The default region is US East (Virginia)
; I typically change this to US West (Oregon)
since we are located on the West Coast, but that’s again up to you.
I typically take the default name for the cluster:
Finally, click Create
:
When you do, you’ll be directed to this screen where we’ll set up the security for the cluster:
For the first question, take the default (Username/Password authentication):
Scroll down to this page. Here, the default username will probably be the username from email address of the person creating the deployment; you should not take this default. This username is the one that will be embedded in the credentials for the database, so it’s more typically something like user
. I suggest changing it to user
.
So change it to this:
The default generated password is fine; the one shown in this screenshot is NOT the one I used; I clicked the Autogenerate Secure Password
to create a new one after taking this screenshot.
Click Create User
. Note that the password is now no longer available; it will be necessary, later, for the students to generate their own password when they want to embed the password in their URL. That’s fine; we’ll provide instructions to walk them through that.
The next step is to scroll down to this section, where you’ll need to change the IP address restrictions:
We need to change this to allow connections from all IP addresses. An alternative would be to get the public IP address of their dokku server, or the IP address range for UCSB, and put that in. That would be preferable, but as of this writing, we are still just leaving this open; we used to have to do that since we were using Heroku, and could not predict the IP address ranges that Heroku would be coming from when connecting to MongoDB.

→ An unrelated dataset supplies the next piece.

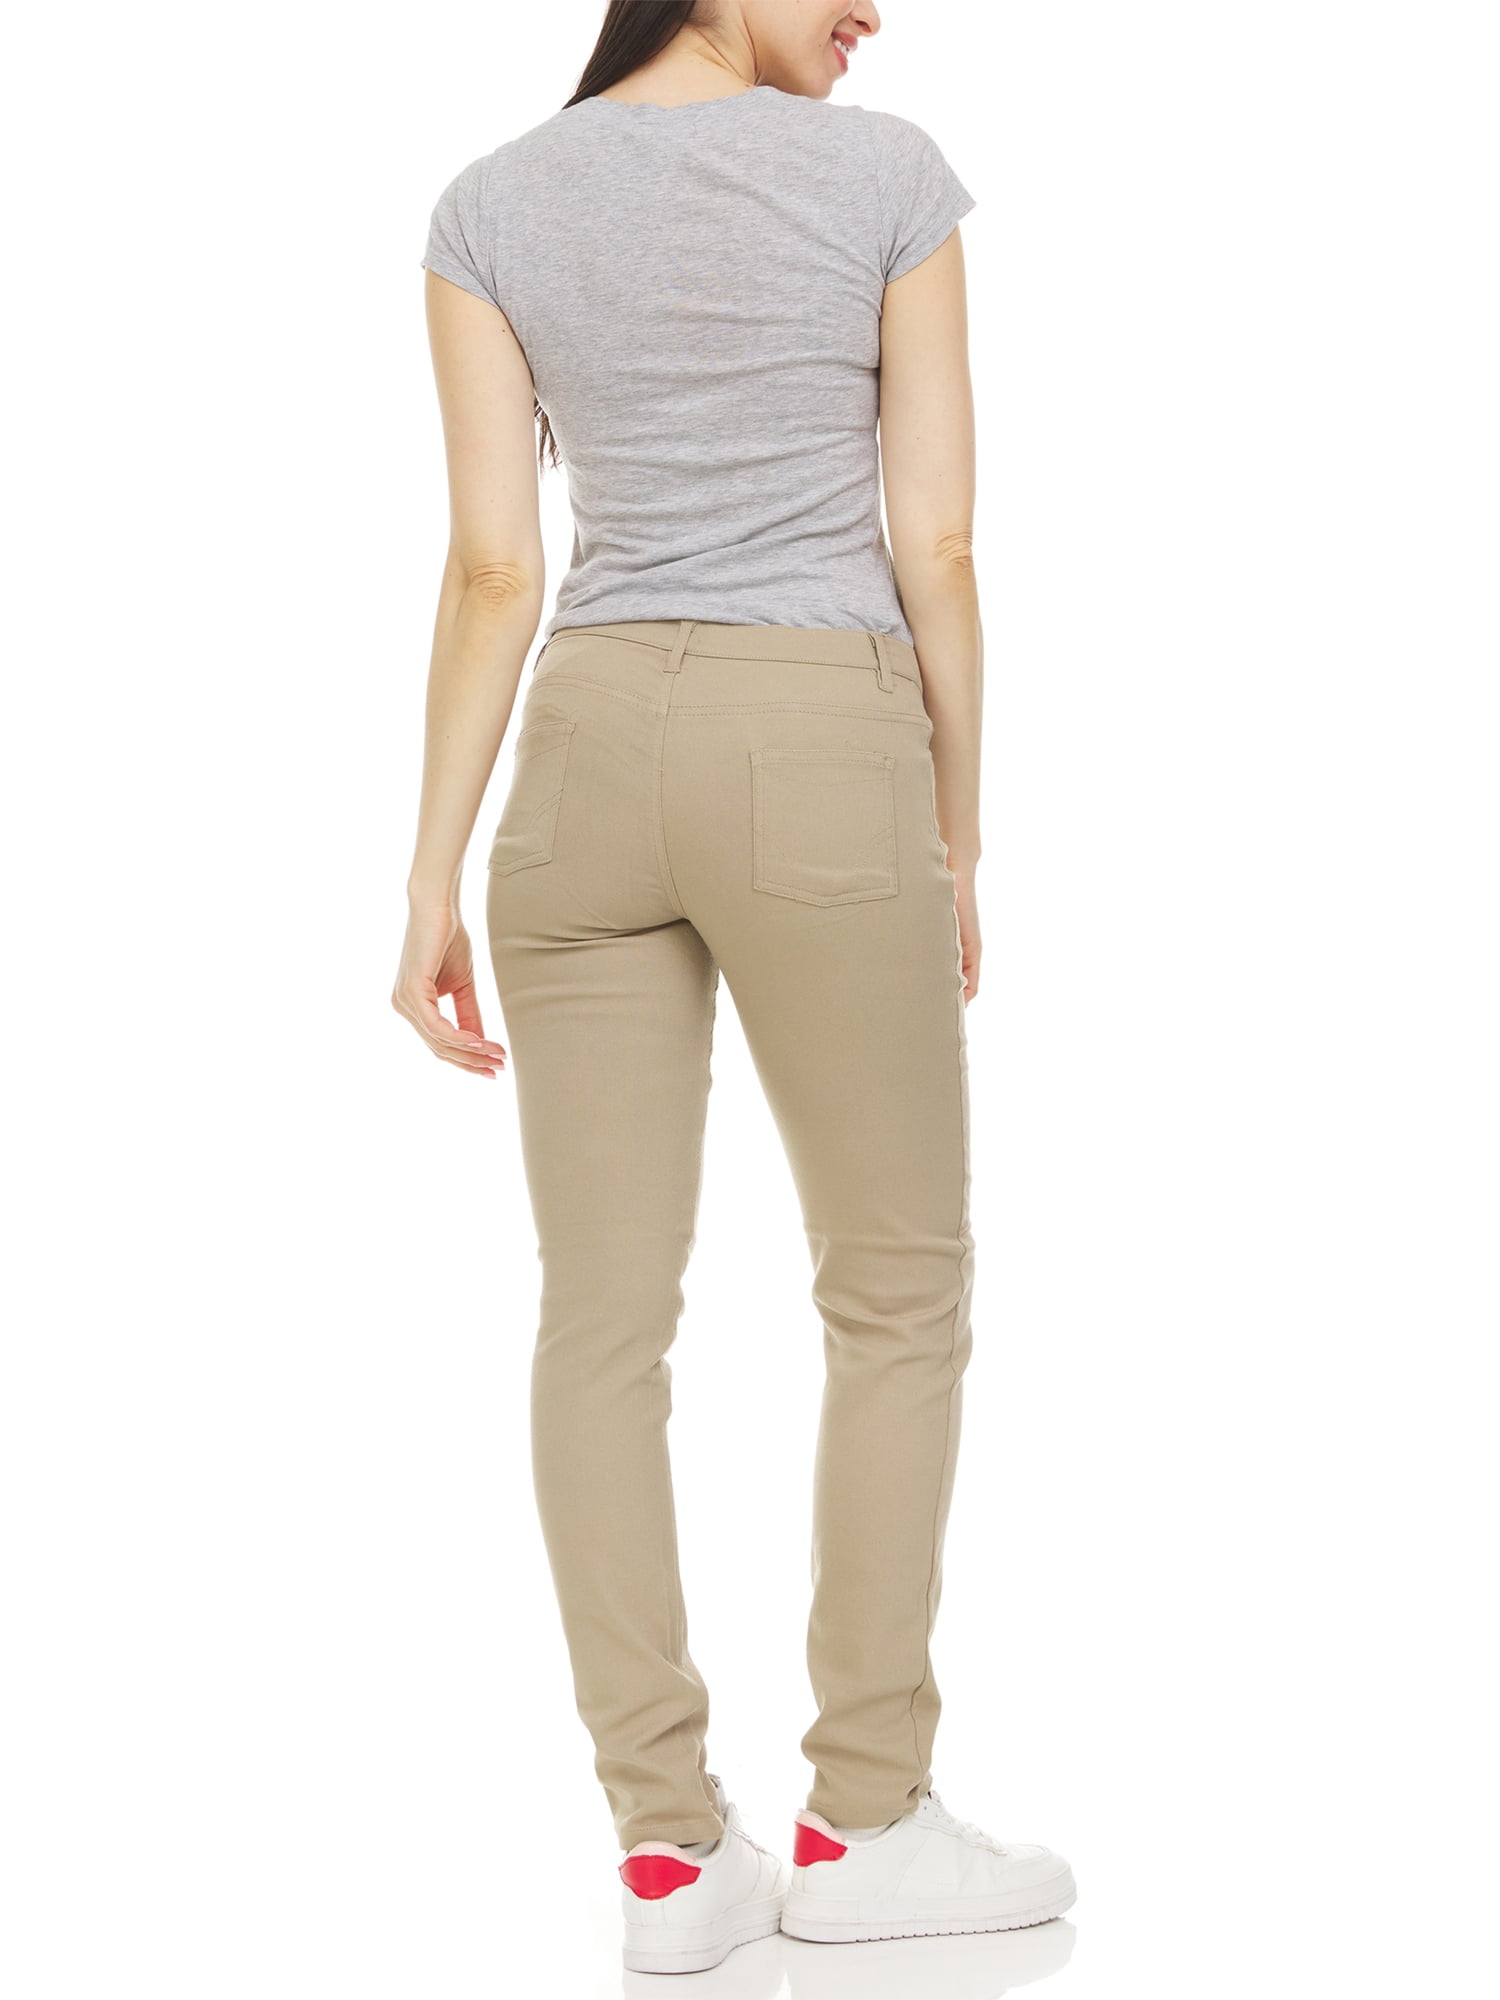 Women's Super Stretchy Skinny 5-Pocket Uniform Soft Chino Pants -  Walmart.com

Here’s how to open the deployment to connections from all IP addresses:
- Enter
0.0.0.0
for the IP address, andEntire internet
as the description. - Add that entry
- If desired, remove the specific entry for the ip address you were at when you create the deployment.
- Then click
Finish and Close
to save the changes
That is illustrated here:
Updating Access
If you need to modify the user or password, you can get back to edit those from the project page by selecting Database Access
from the left nav of the project page, as shown below. Be sure that if you change the password, you click Save Changes
, or they will not take effect and the old password will still be the one in use.